Optimal detection of carbapenemase-producing Enterobacteriaceae from rectal samples: a role for enrichment?

Abstract

Successful laboratory detection of carbapenemase-producing Enterobacteriaceae (CPE) in patient surveillance samples is a diagnostic challenge. In the absence of a reference standard for screening rectal swabs for CPE, many phenotypic, genotypic, culture- and non-culture-based assays have been proposed for identifying these bacteria. To develop and optimize a CPE screening protocol capable of identifying all frequently encountered CPE, including those producing OXA-48-like carbapenemases. Faropenem susceptibility testing was performed on 507 presumptive CPE isolated from diagnostic samples and CPE rectal screens between March and August 2016. Results from this CPE screening method were compared to those from direct culture on mSuperCARBA™, temocillin enrichment culture, and use of an antibiotic resistance algorithm, to determine the optimal method to employ in the detection of CPE. Faropenem was a poor predictor of carbapenemase production (58% true positives).
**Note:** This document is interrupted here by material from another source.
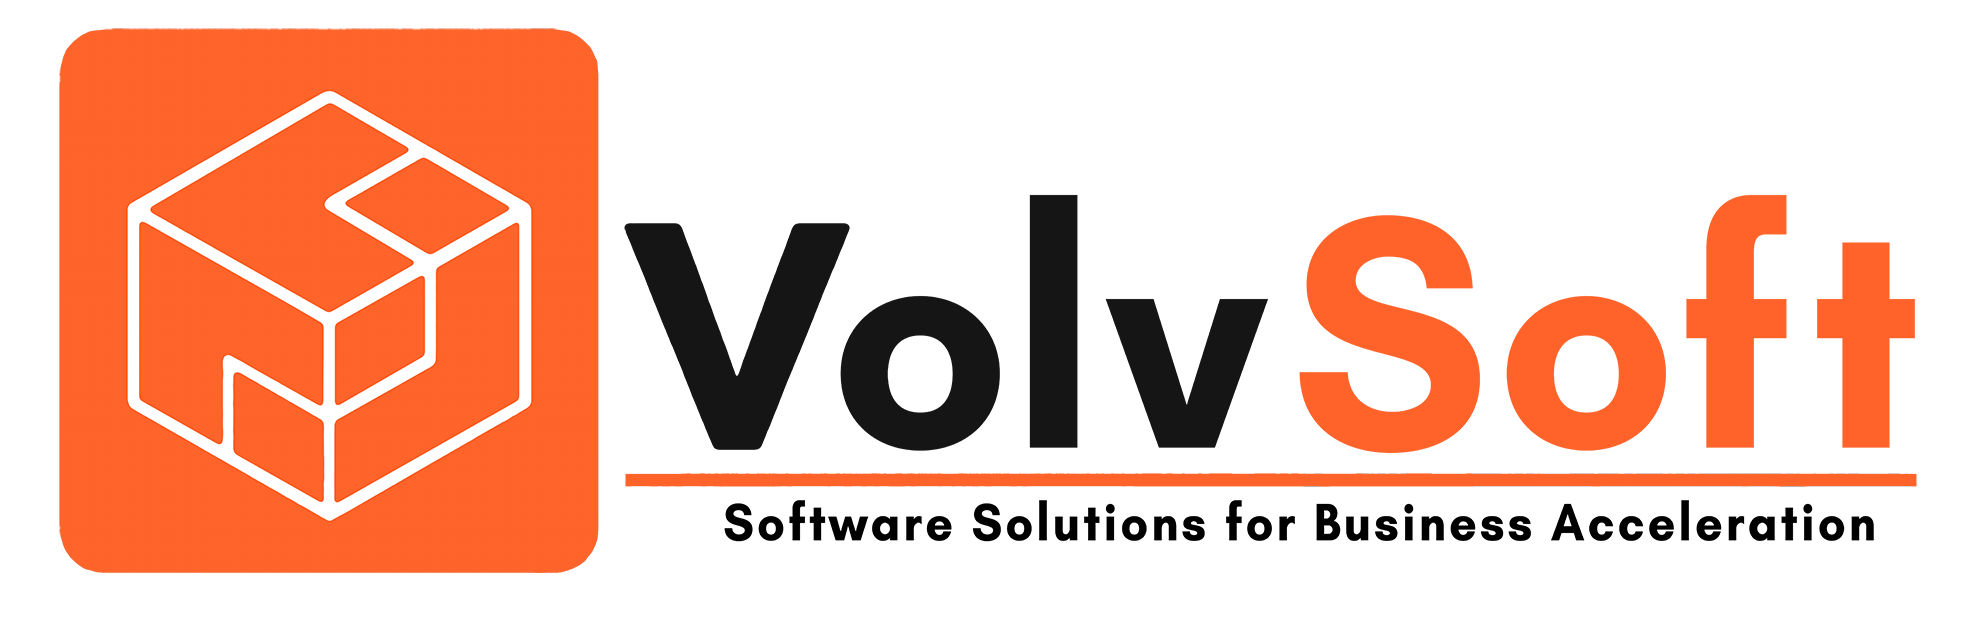 Volvsoft-logo

The combination of a temocillin enrichment stage and interpretive reading of antibiotic resistance phenotypes improved the recovery and identification of CPE significantly (91% true positives), especially for OXA-48 producers (P=0.03). The combination of temocillin enrichment, a selective chromogenic medium, and an antibiotic resistance-based algorithm significantly improved the detection of all CPE recovered from routine and targeted surveillance samples.